ACTIVITY: Include no pictures. Output exactly the lines from the one that contains "ダンス、テクノ、ハウス、ハンマー型...の再生済みの波形" through the final line of the entries.

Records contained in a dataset

---------------

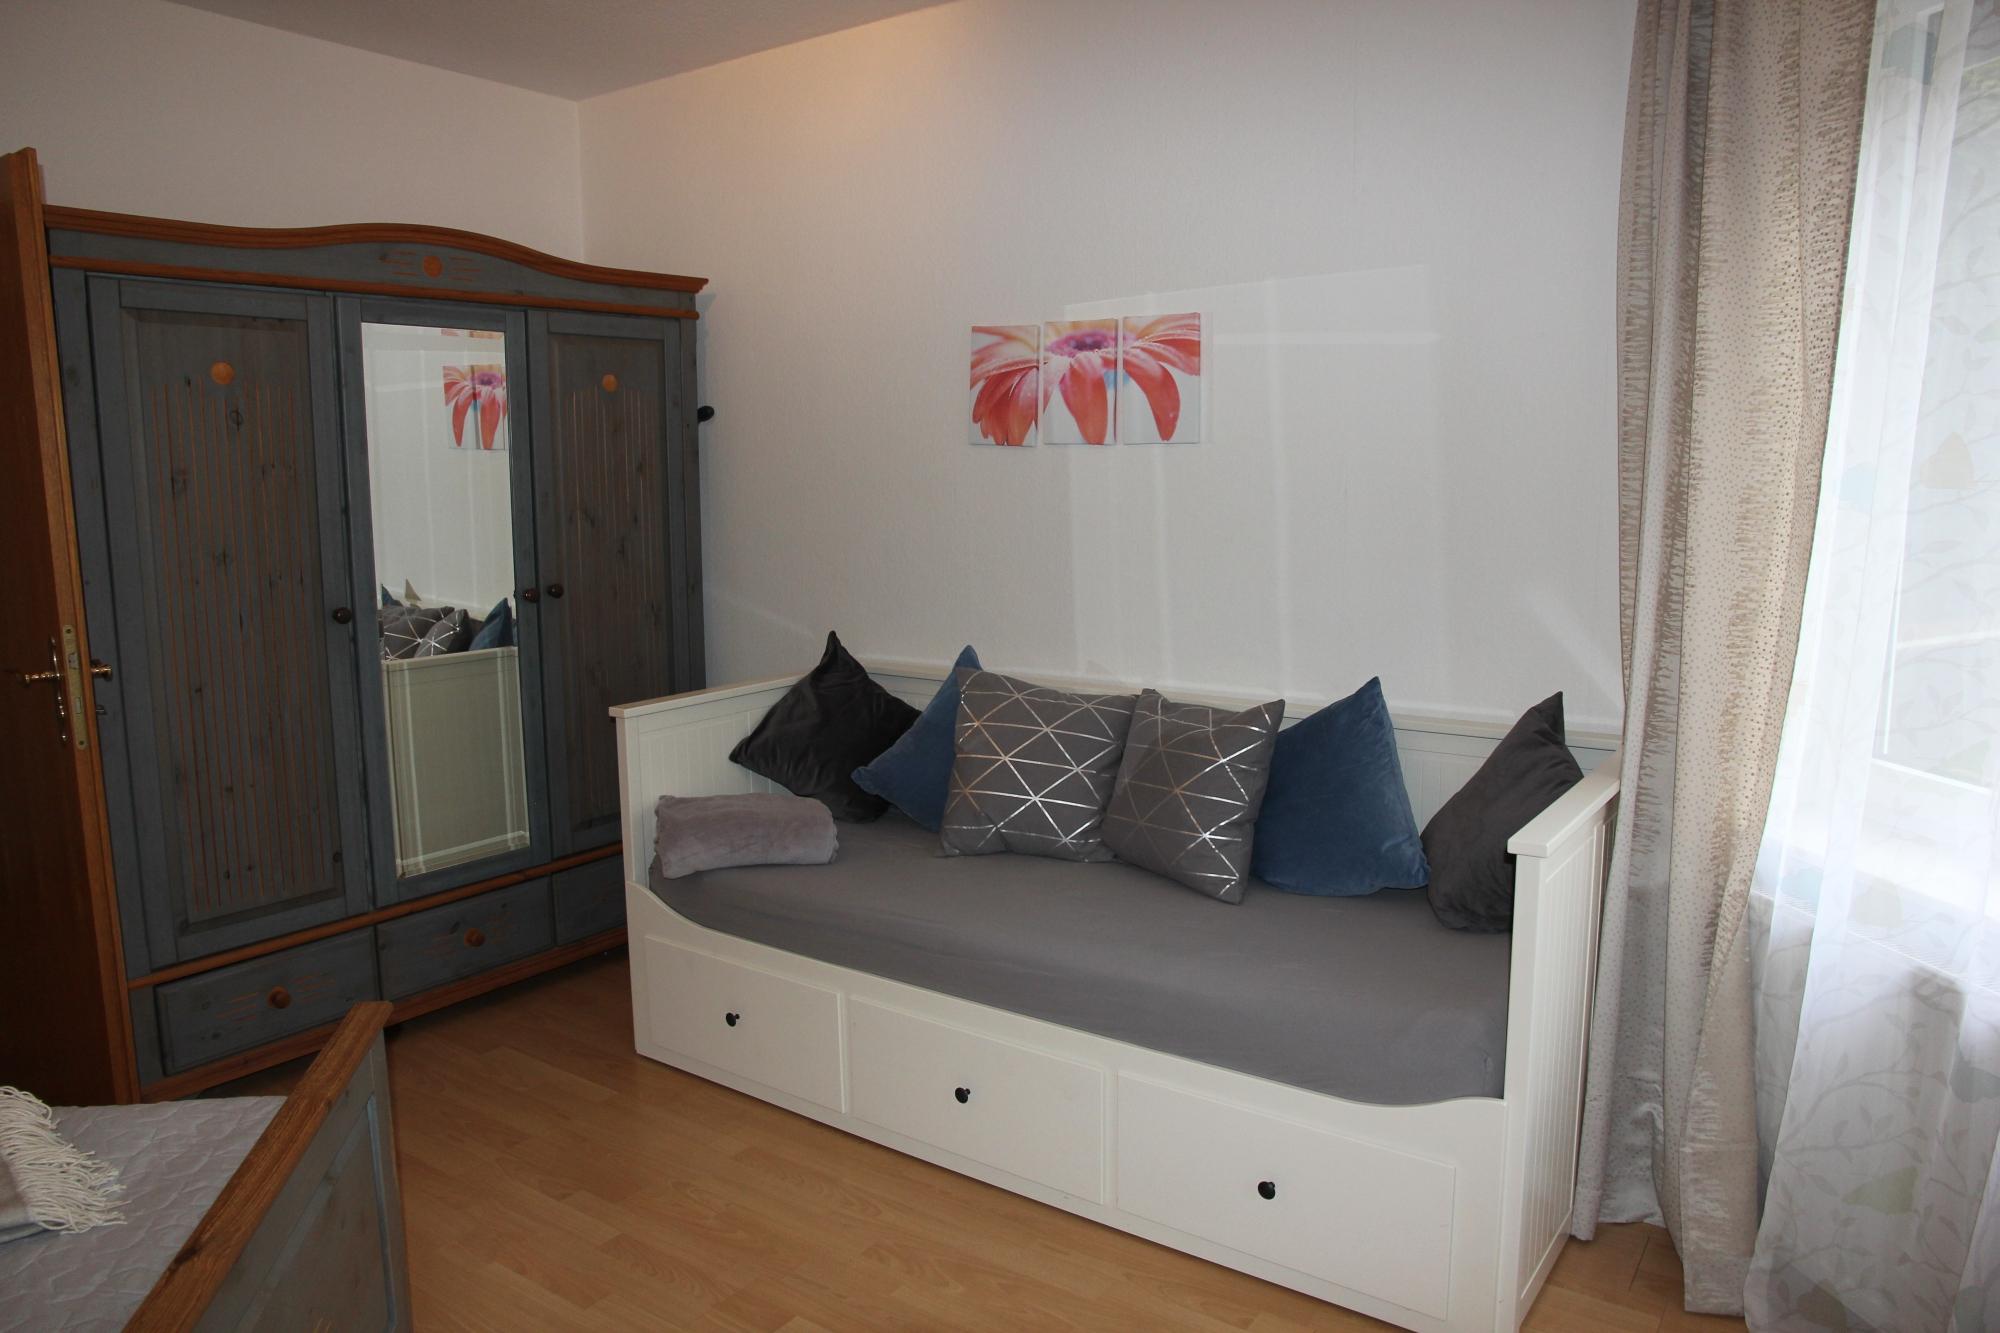 Ferienwohnung Sayn - Schlafzimmer:2
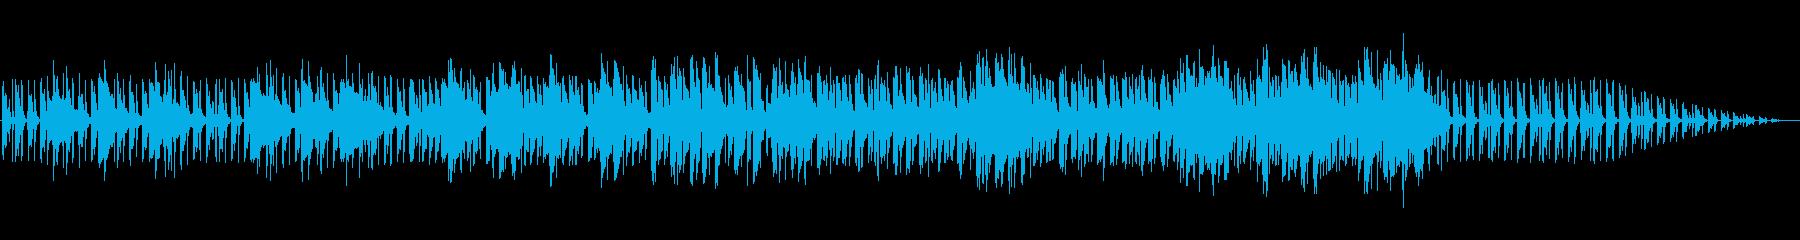 ダンス、テクノ、ハウス、ハンマー型...の再生済みの波形
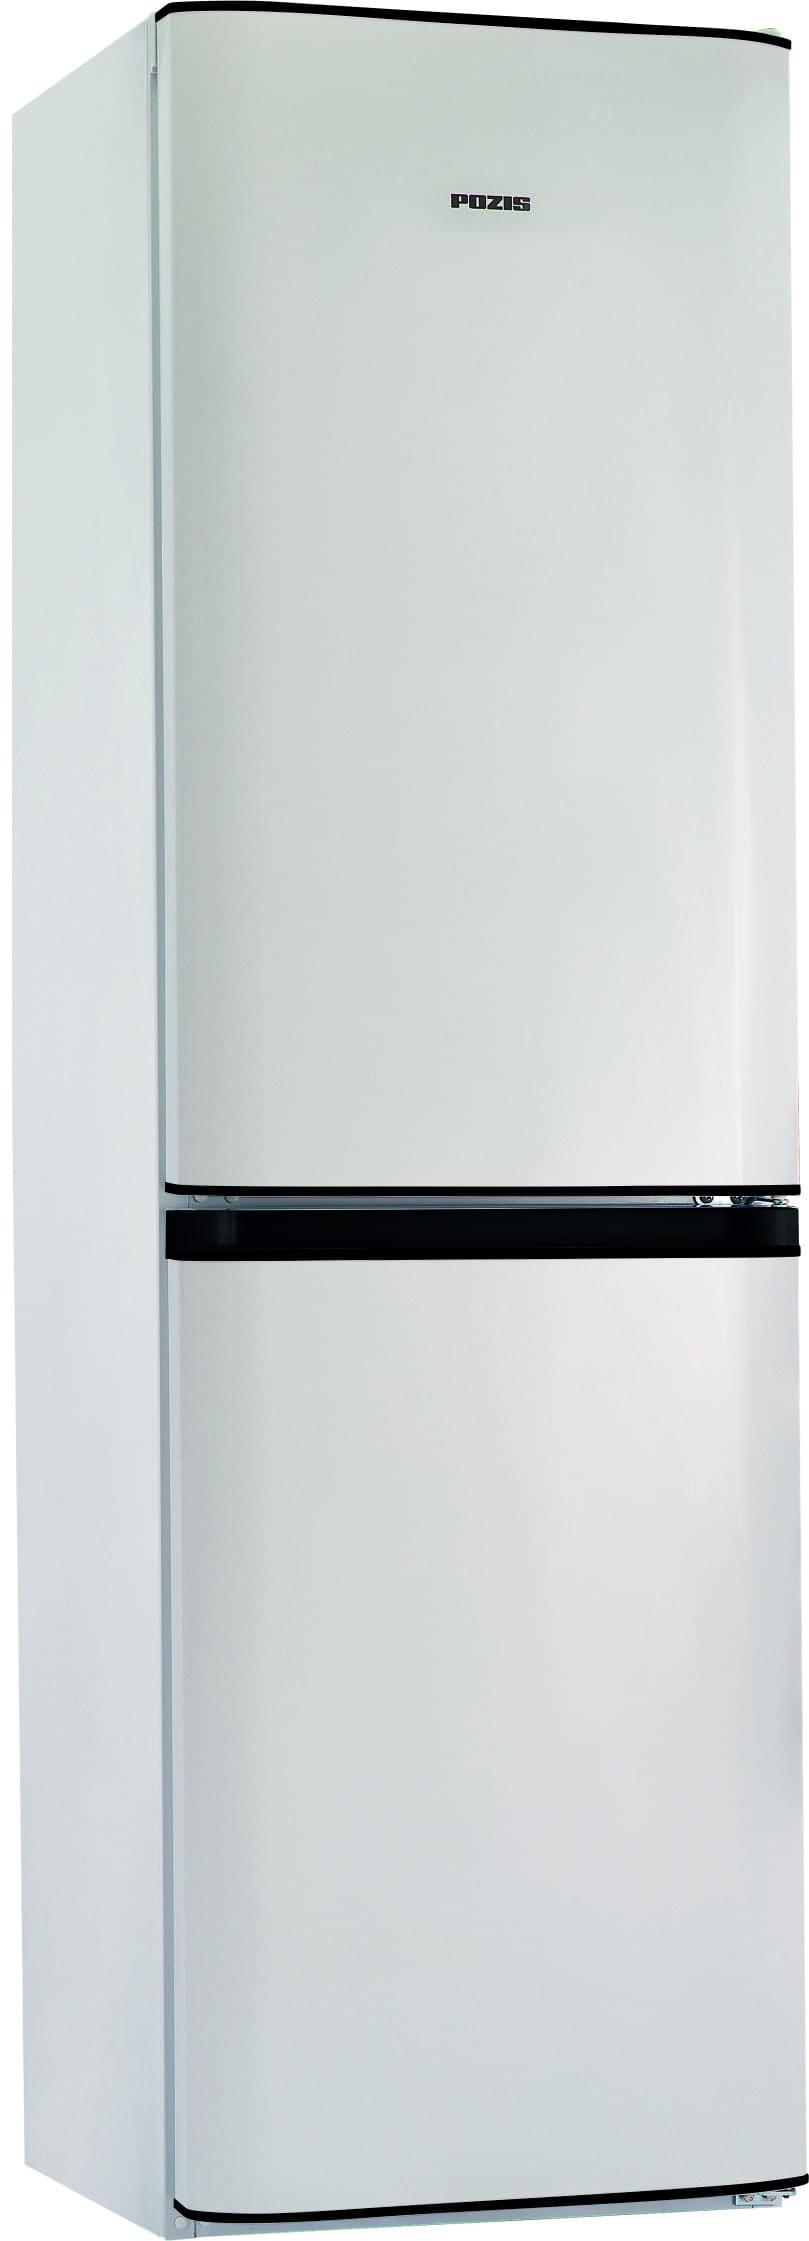 Шкаф холодильный RK FNF-172 белый с черными накладками
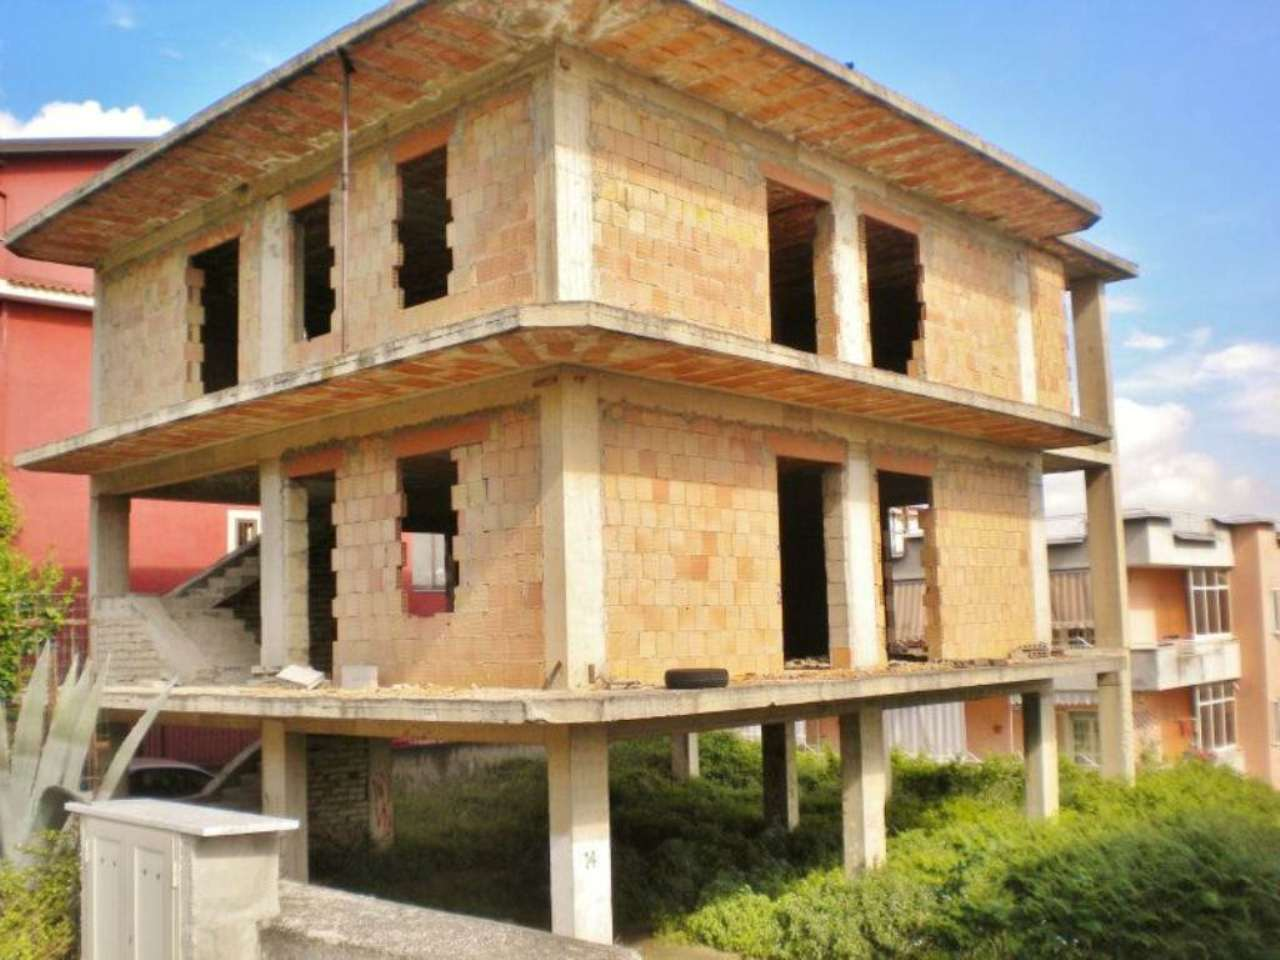 Immobile Commerciale in vendita a Quarto, 20 locali, prezzo € 250.000 | Cambio Casa.it
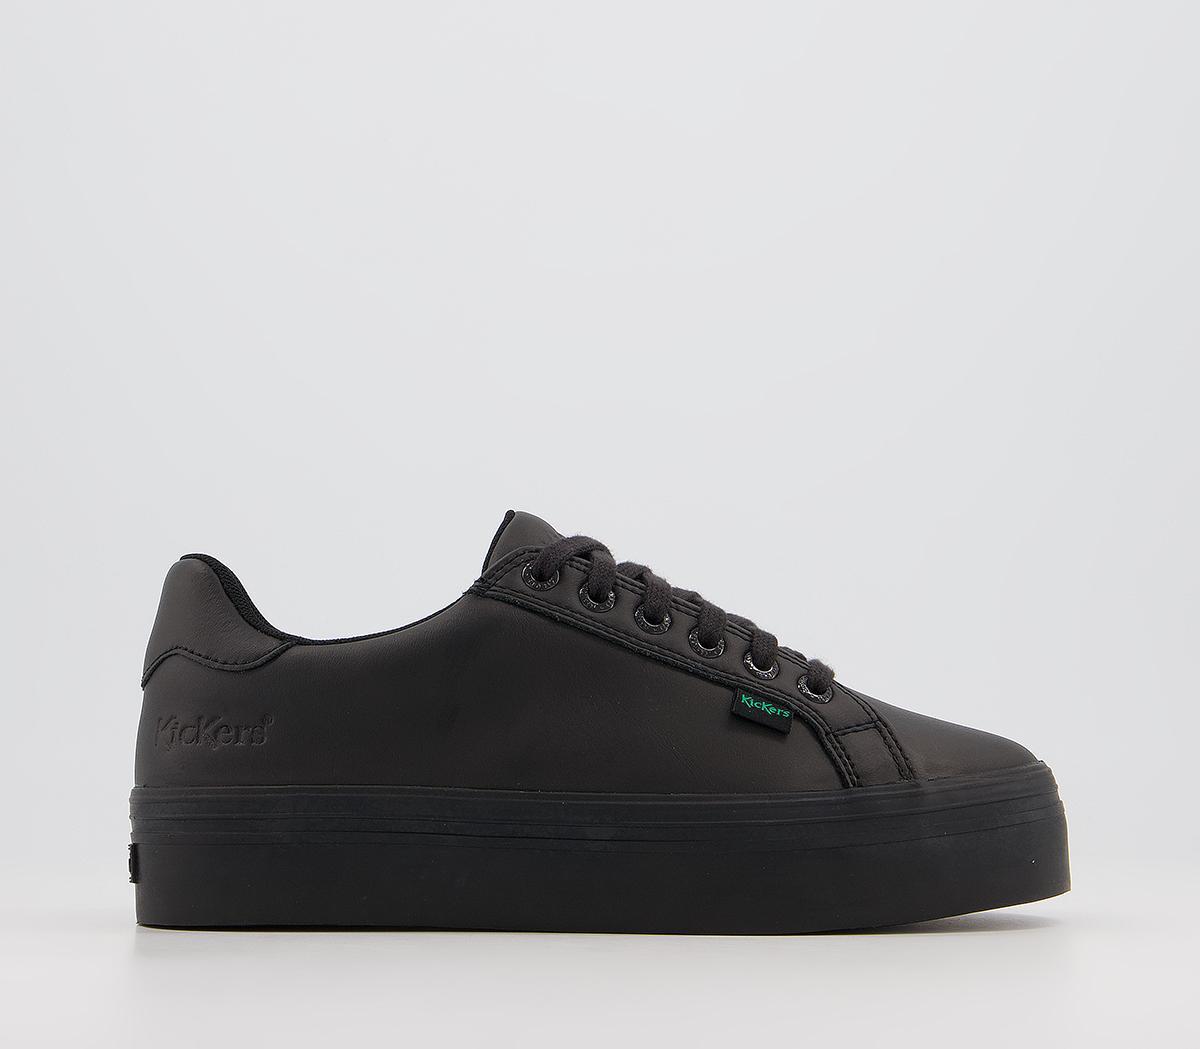 Tovni Platform Leather Shoes

---------------

EXPECTED OUTPUT:
 ダンス、テクノ、ハウス、ハンマー型...の再生済みの波形
 Шкаф холодильный RK FNF-172 белый с черными накладками
 Immobile Commerciale in vendita a Quarto, 20 locali, prezzo € 250.000 | Cambio Casa.it
 Tovni Platform Leather Shoes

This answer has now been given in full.